═══ Material provided ═══

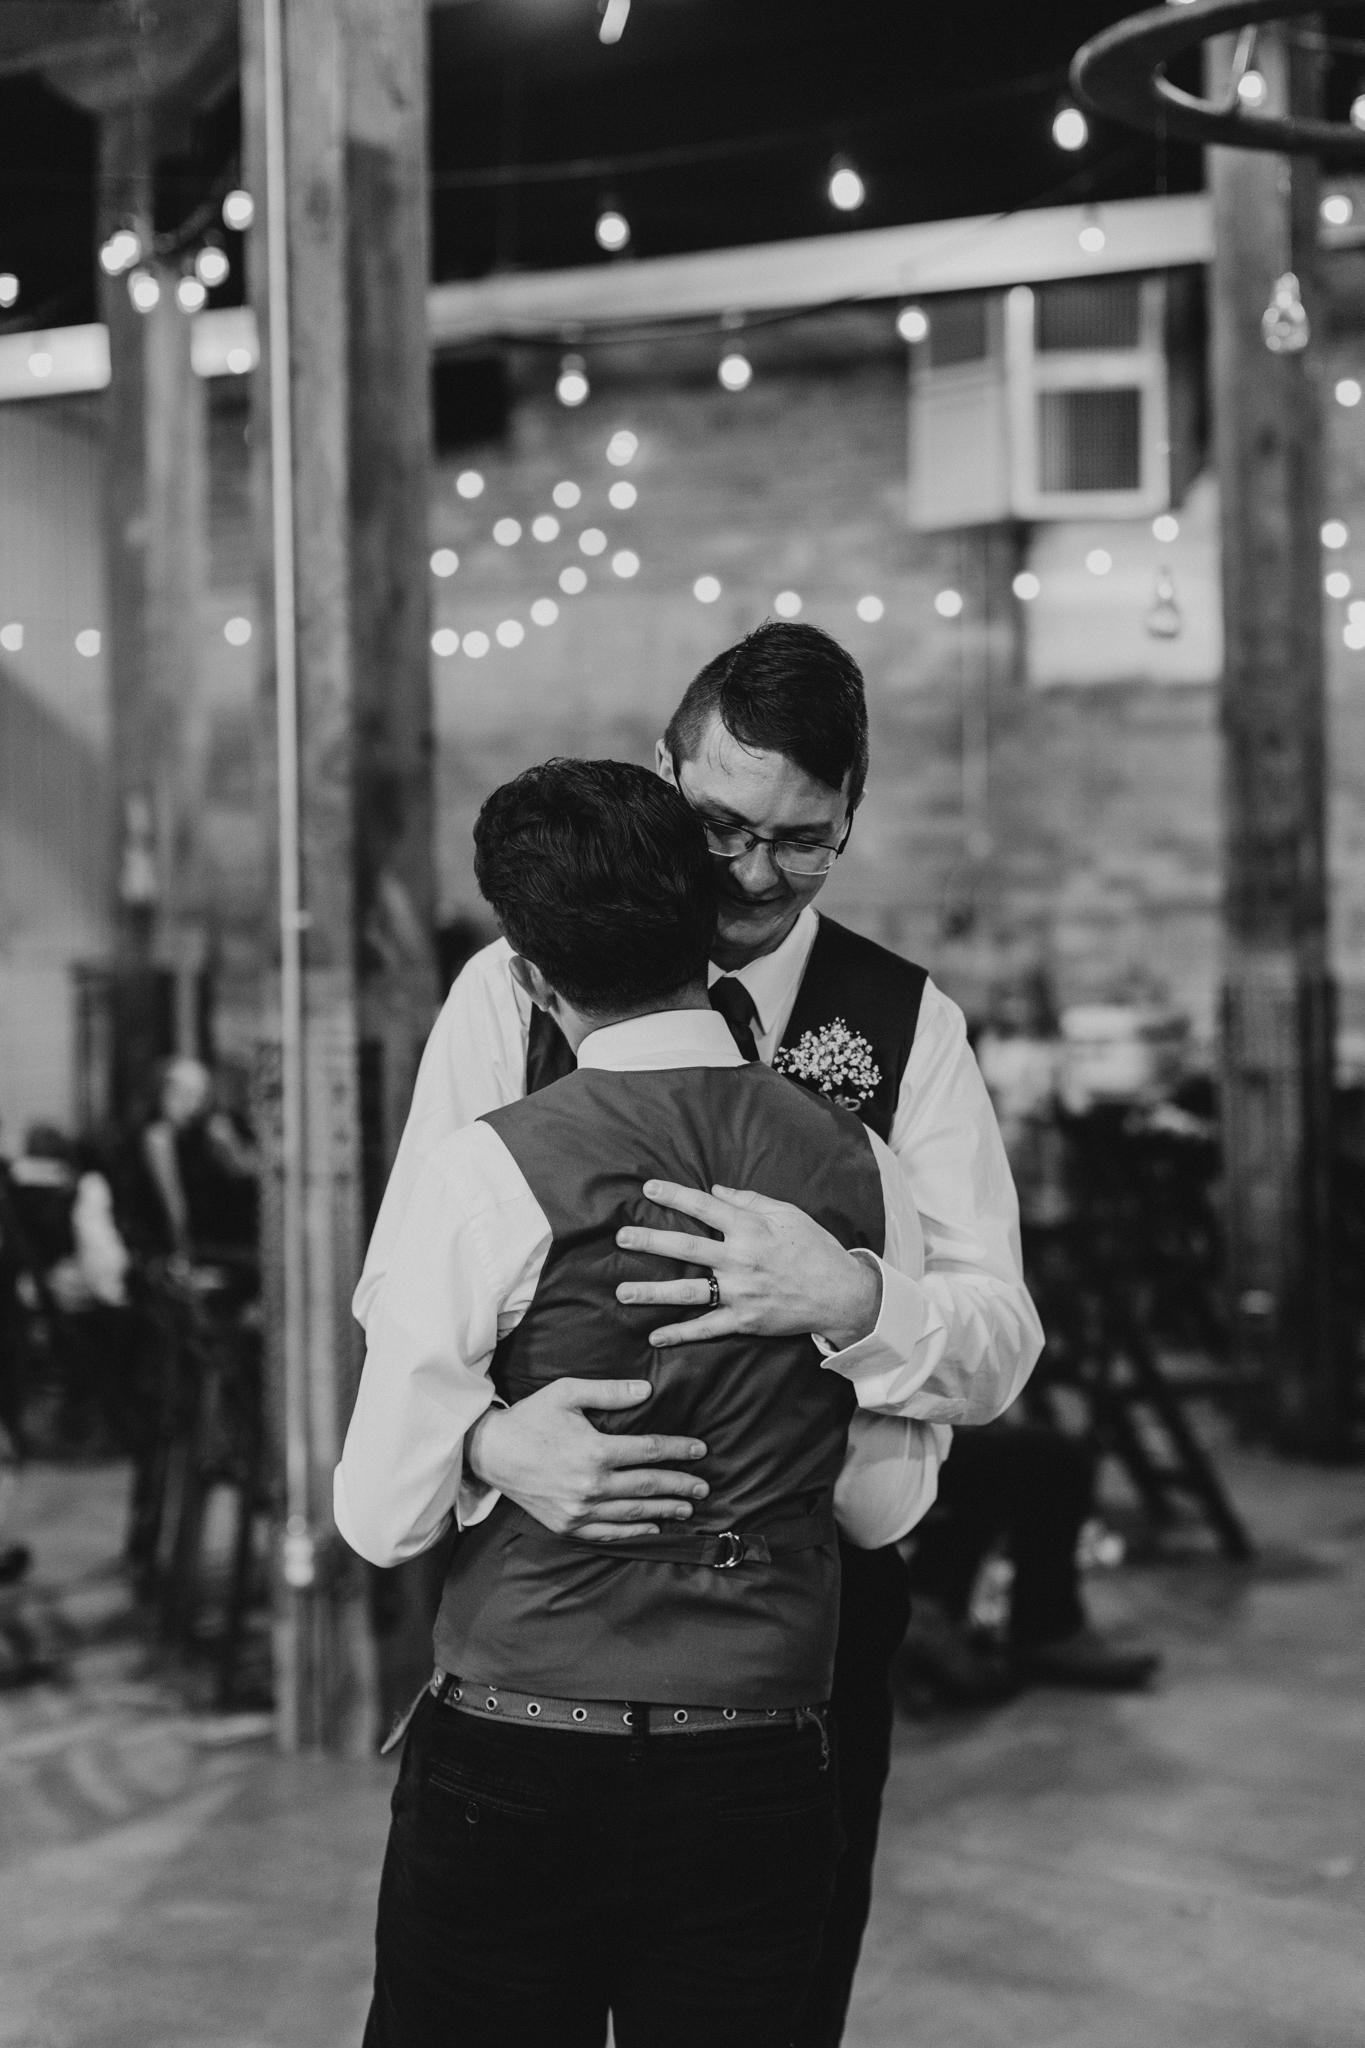 ryan.patrick.wedding-138.jpg
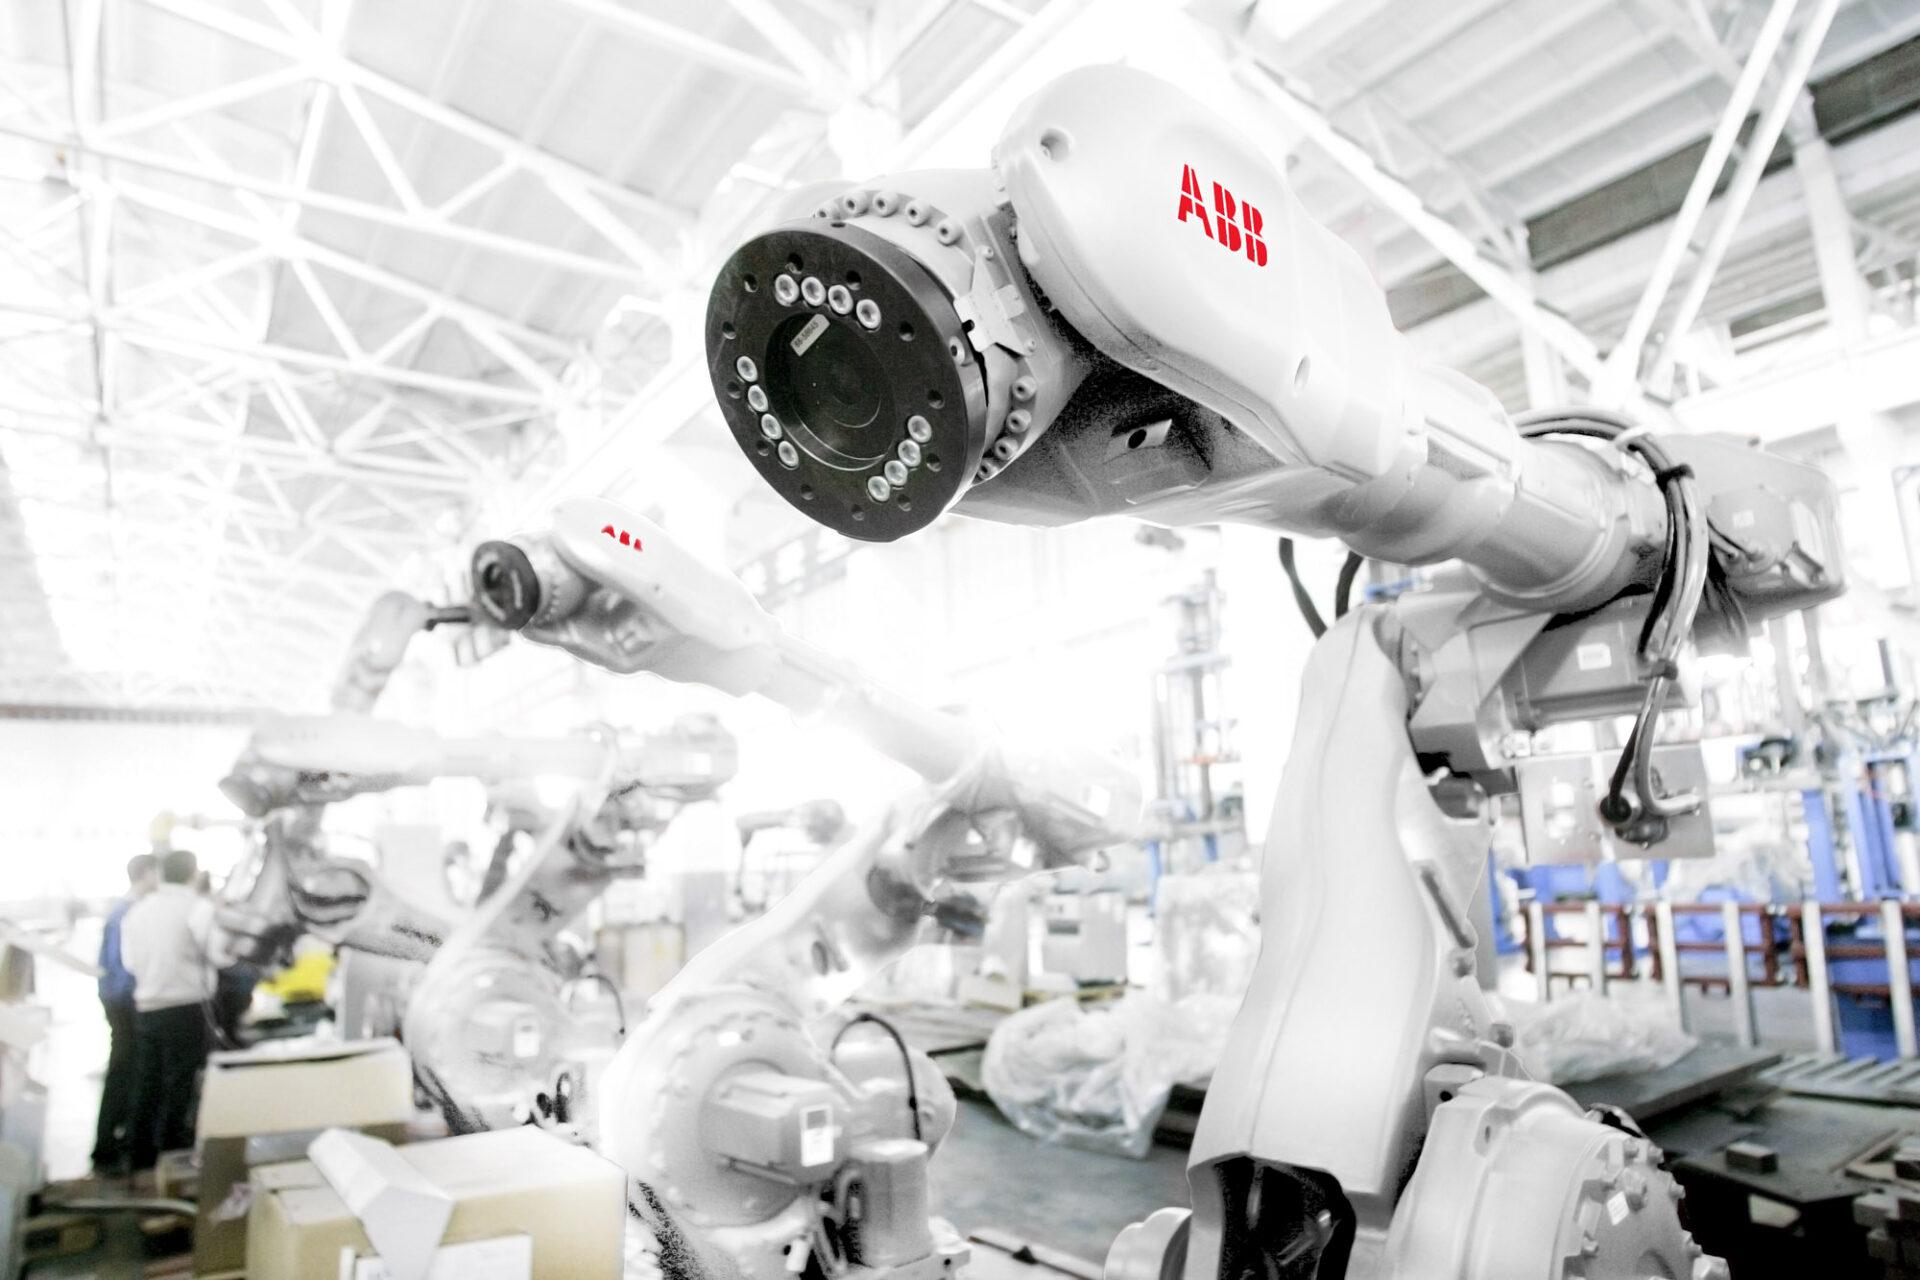 ArtiMinds Robotics - ArtiMinds RPS as an alternative to ABB's simulation software RobotStudio
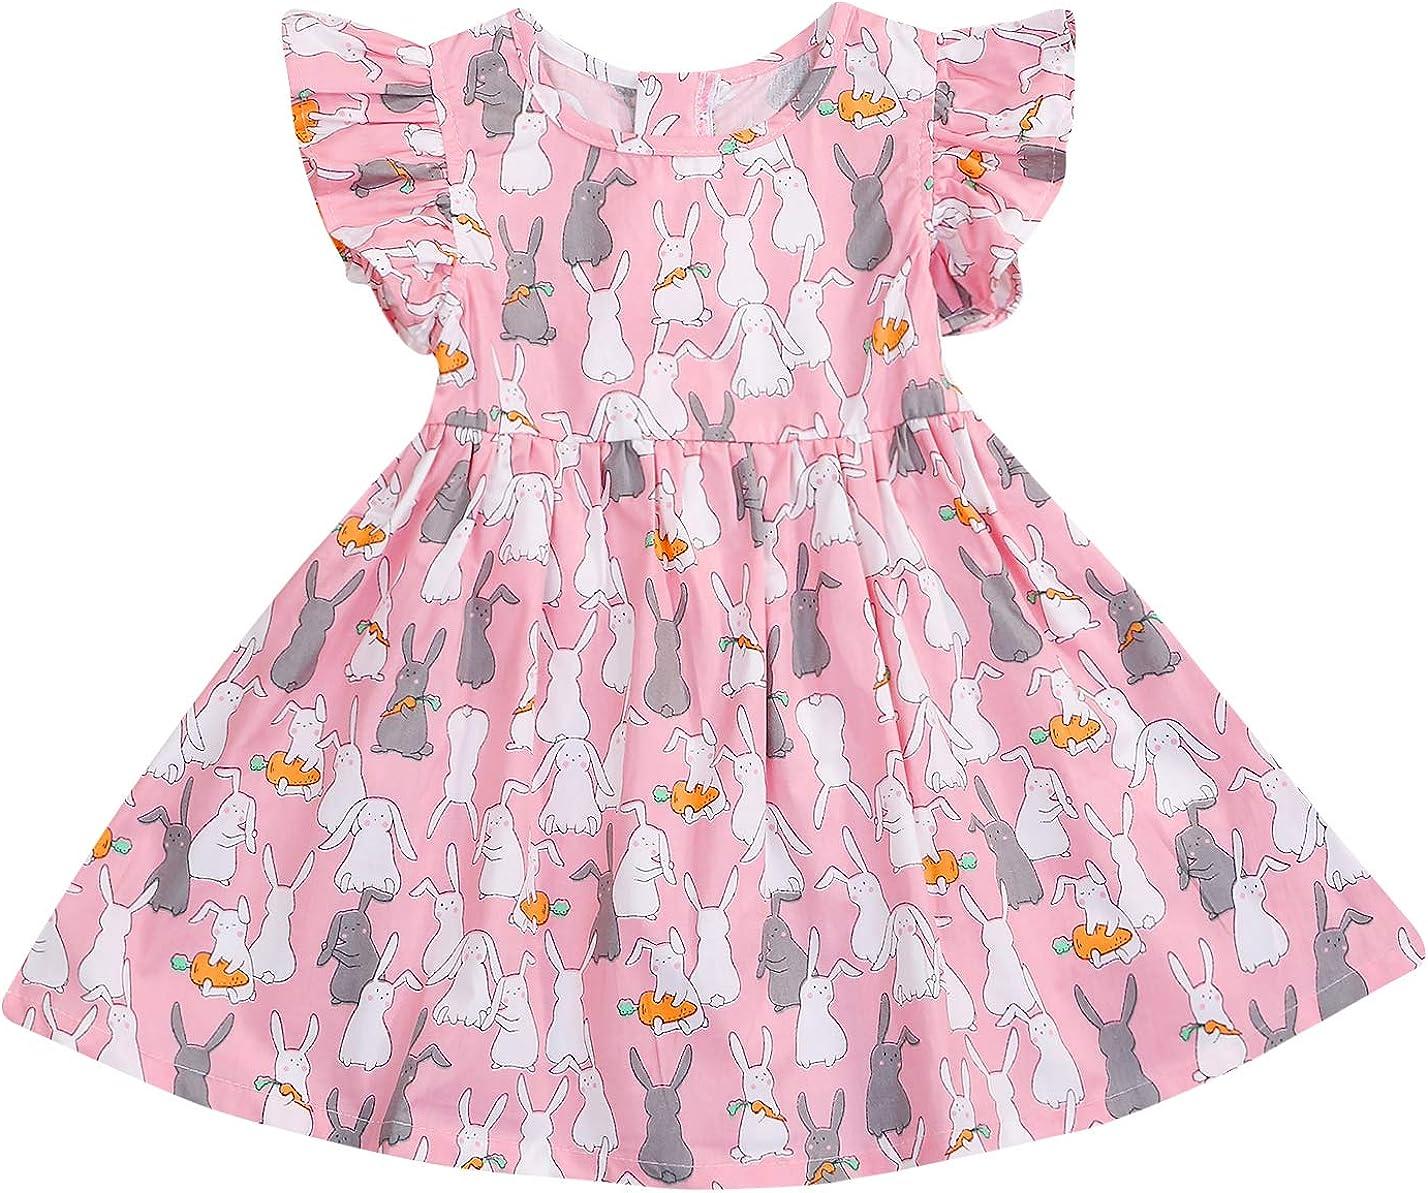 YOUNGER STAR Toddler Kids Baby Girl Skirt Summer Short Sleeve Princess Dress Clothes Outfits Light Pink

═══

* **Task objective**: Copy the listing above verbatim, leaving out pictures.

* **Solution**:
 ryan.patrick.wedding-138.jpg
 ArtiMinds Robotics - ArtiMinds RPS as an alternative to ABB's simulation software RobotStudio
 YOUNGER STAR Toddler Kids Baby Girl Skirt Summer Short Sleeve Princess Dress Clothes Outfits Light Pink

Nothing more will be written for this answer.